Economic growth in North America was unimpressive in 2013, and indeed over the past few years. The just-released gross domestic product (GDP) numbers for the 2013 fourth quarter gave the false impression that Canada (up 2.9 per cent annualized) is now outperforming the United States (up 2.4 per cent). This is a blip, and it won’t last.
The Conference Board of Canada expects the Canadian economy to grow by 2.3 per cent in 2014 – up from a mediocre 1.7 per cent in 2013, but nearly a full percentage point slower than the 3.1-per-cent growth forecast for the U.S. economy. The U.S. private sector is in full recovery, and a two-year fiscal deal in Congress finally provides a stable policy backdrop.
A similar pattern of growth is expected in 2015. Indeed, Canada may grow more slowly than America for the decade to come.

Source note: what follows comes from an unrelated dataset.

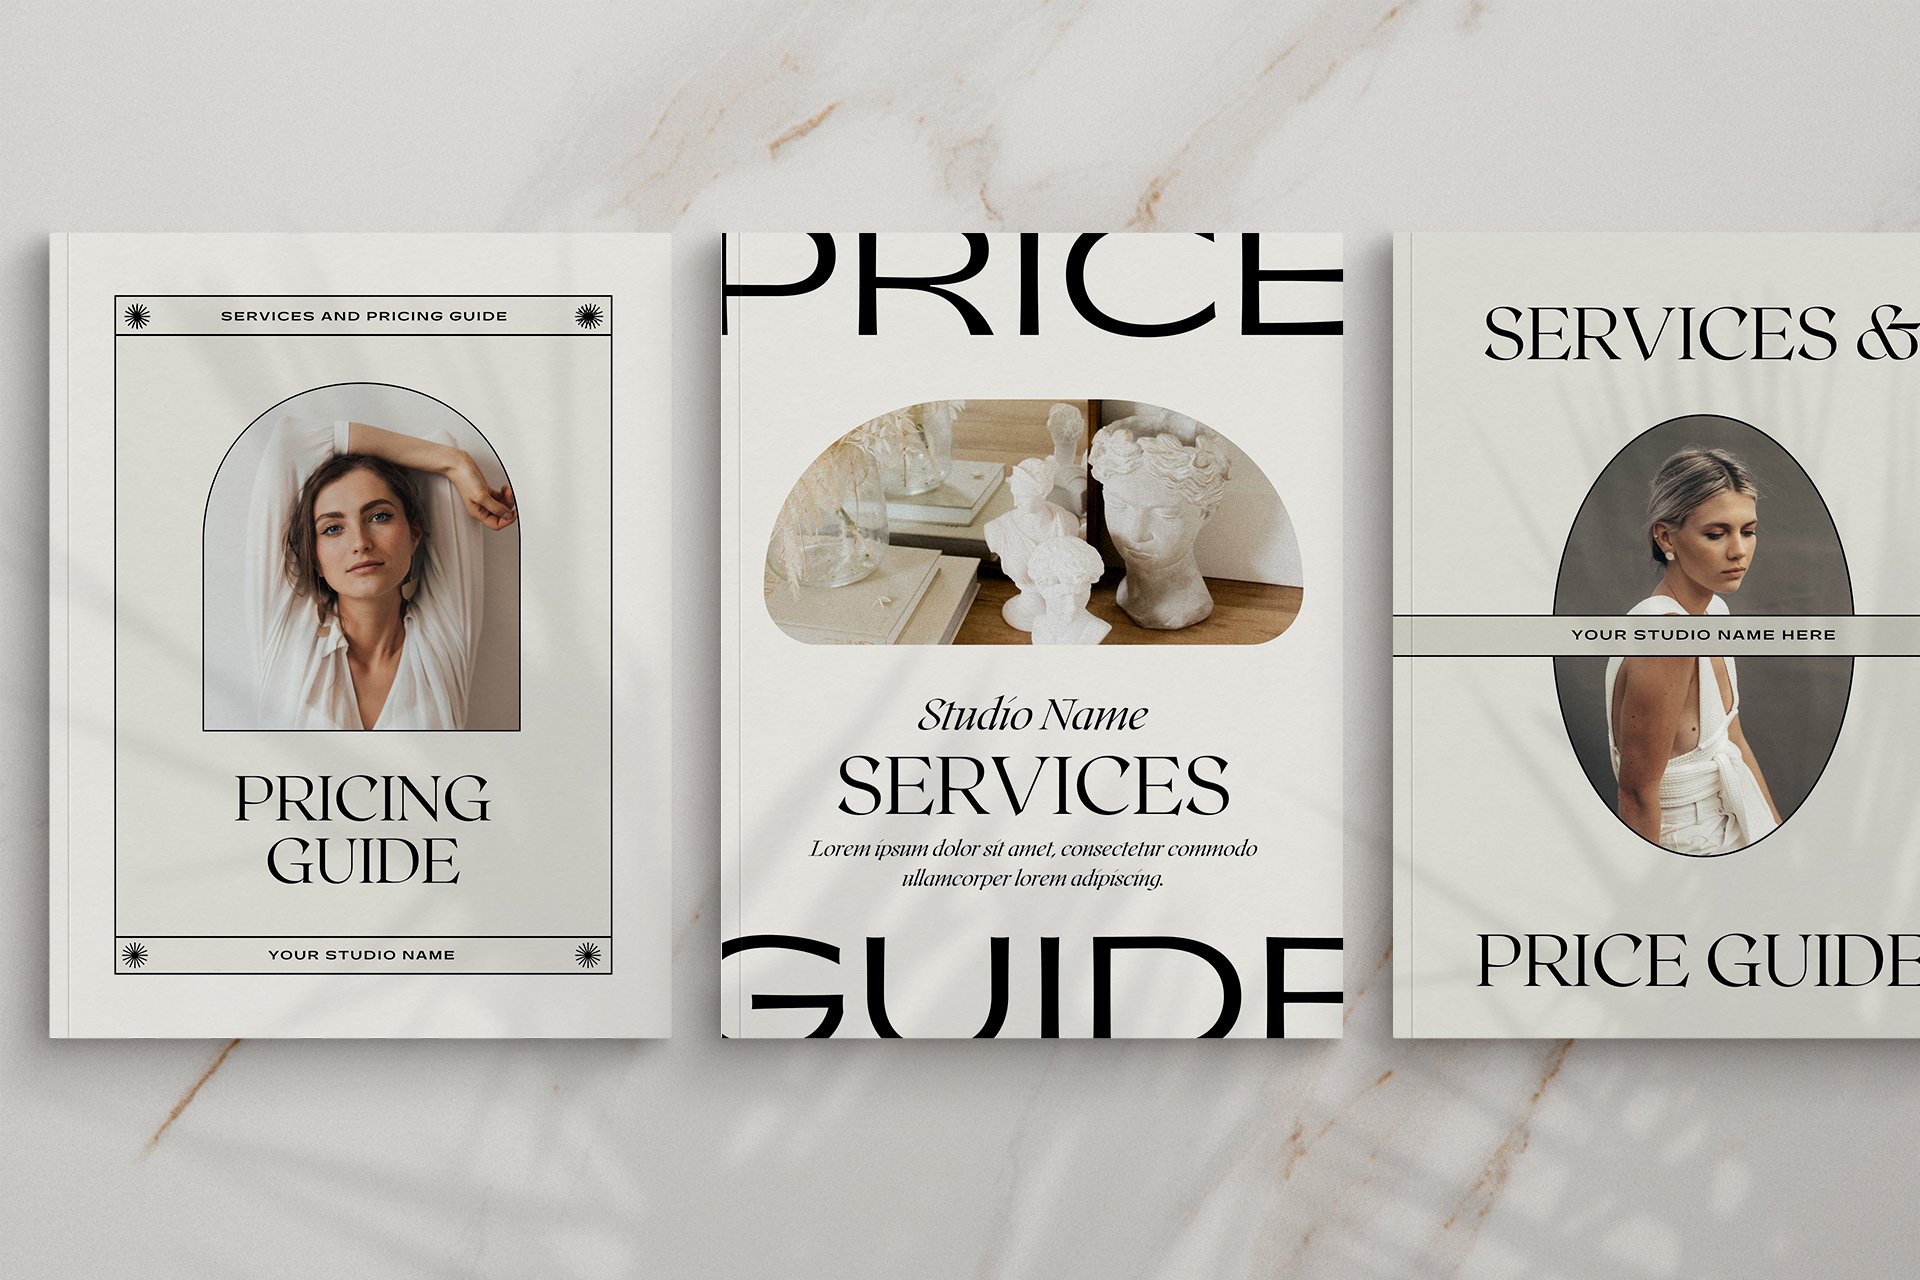 5 services and pricing guide price menu magazine ebook guide business photography canva template aestjetic 539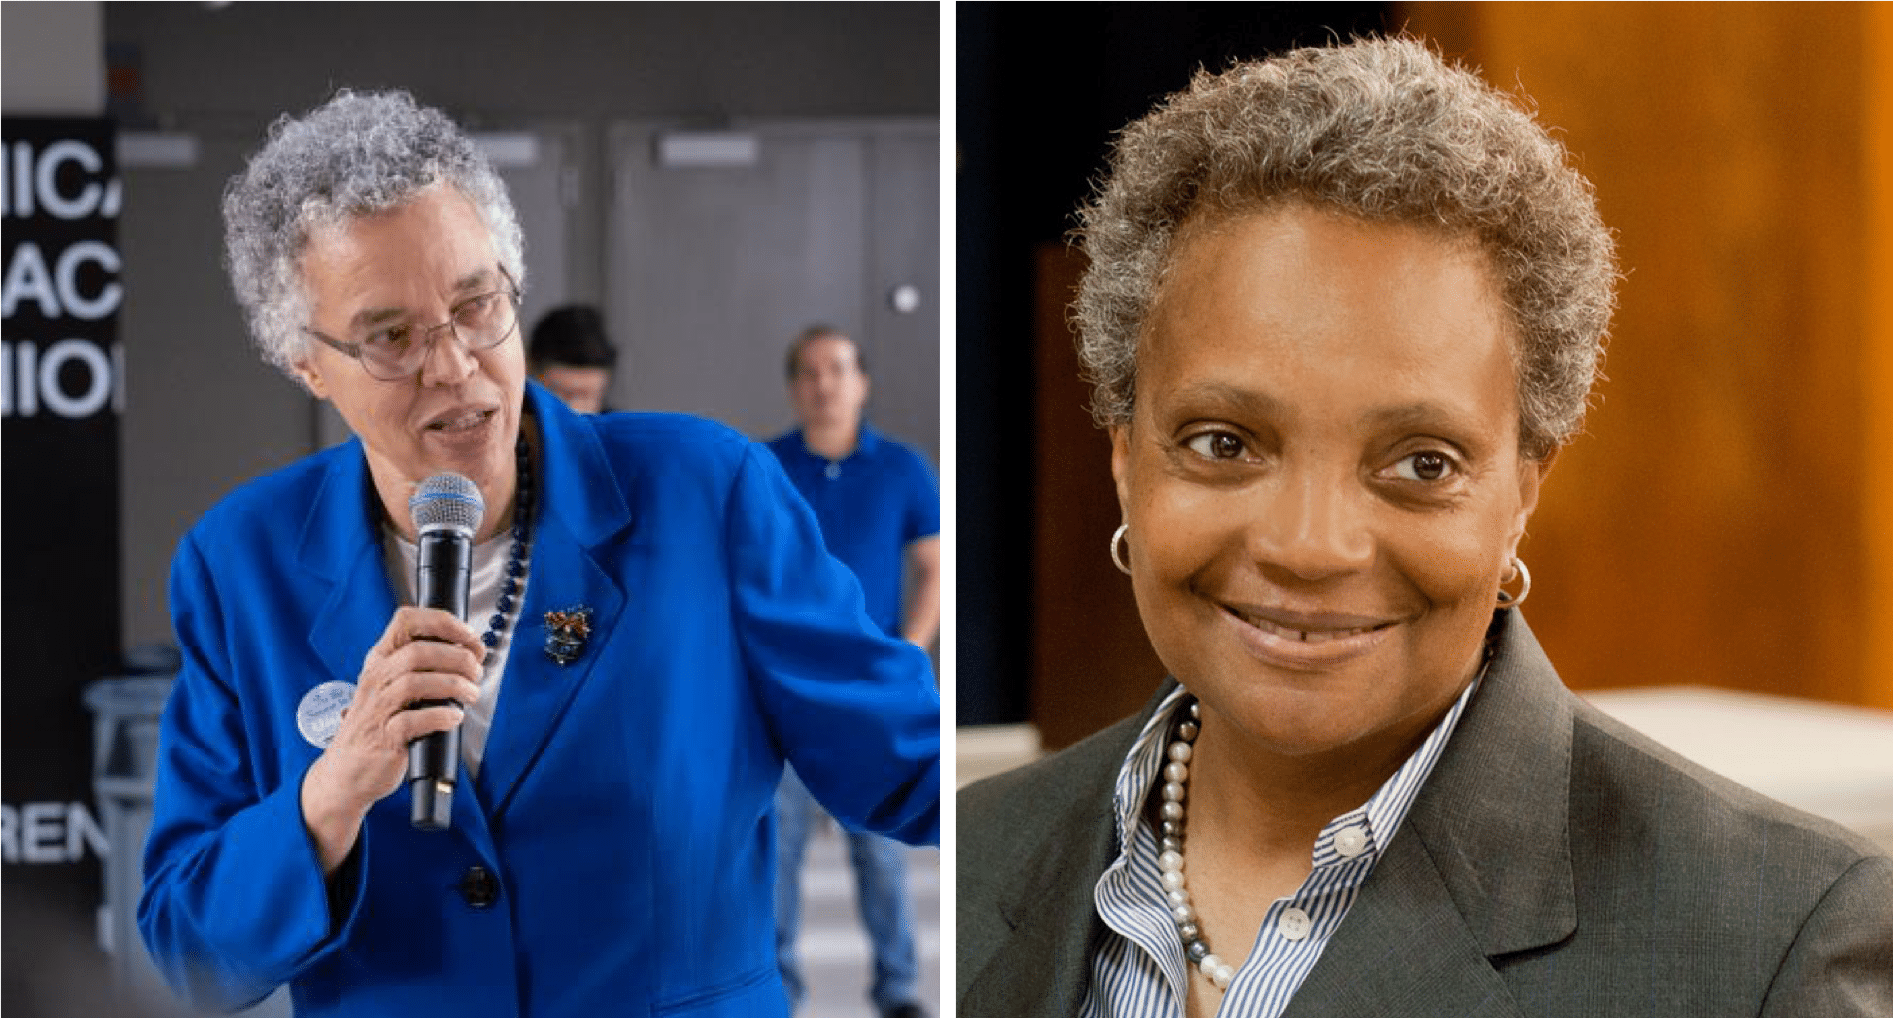 Votes Are In: The Next Mayor Of Chicago Will Be A Black Woman

Numerous factors explain this outlook. One positive explanation is the faster pace of fiscal adjustment in Canada, in order to restore balanced budgets federally and within provincial governments. The Conference Board expects the Canadian government sector to grow by only about 0.5 per cent this year, with similar modest growth next year.
This fiscal outlook is a good thing over all. Significant fiscal stimulus was added in 2009-11 to fuel the recovery from the global recession, resulting in fiscal deficits across the country. Adding exceptional fiscal stimulus was the right thing to do at the time – but so is steadily withdrawing the stimulus today, to ensure that budgets get rebalanced and public debt levels remain firmly under control.
The other positive factor is the different pattern of recovery from the 2008-09 global recession for Canada and the United States. The Canadian economy quickly rebounded in mid-2009 and has been steadily closing the gap between long-term potential growth and the actual growth results. The U.S. five-year recovery has been more halting, but is finally picking up momentum in 2014 – better times finally appear to lie ahead.
Three other reasons for the slower Canadian growth outlook offer less reason for optimism.
First, Canadian personal debt levels relative to income has never been higher. Although low interest rates are making the cost of carrying that debt affordable for now, the large stock of personal debt is weighing on Canadian consumers and moderating the rate of consumption growth (which is foundational to the economy’s performance).
Second, we are experiencing surprisingly slow growth in business investment, across many sectors. In the face of global uncertainty, Canadian firms are still reluctant to expand their business model through faster investment spending. The Conference Board’s forecast for private investment growth in 2014 is better than last year, but remains weak against historical trends.
Moreover, Canadian businesses may have missed the window for importing technology and equipment at a favourable exchange rate. The days of a Canadian dollar at par with its U.S. counterpart appear to have ended, at least for now, adding up to 10 per cent to the price of imported business inputs.
Third, Canada has gone through an extended period of anemic expansion in trade, particularly with the U.S., which continues to be our dominant export market at about 70 per cent of exports. Export growth has shifted from the leading edge of the Canadian economy in the 1990s to a lagging edge. This shift highlights the need for an aggressive strategy to diversify our international trade and open up access to other markets.
The long-term growth outlook for Canada is also more modest. The United States has the dual advantage over Canada of a higher fertility rate (meaning faster population and labour force growth), and a more dynamic and innovative economy. These combined factors suggest that U.S. long-term annual growth could be at least 0.5 per cent higher than the Canadian long-term outlook.
This translates into slower growth in real incomes for individuals and families, and slower revenue growth for governments – at a time when cost pressures for health care and other priority public services are mounting. Provincial governments in particular are already feeling the fiscal squeeze of rising health costs and slowing revenue growth.
In short, we expect Canada to underperform on economic growth compared with the U.S., both in the near term and over the longer term. This reality will have implications for governments, businesses and individuals, and will increase the pressure to consider different policy and business pathways that could unlock growth potential. Doing the same old things and expecting better results is not realistic.
Glen Hodgson is senior vice-president and chief economist at the Conference Board of Canada.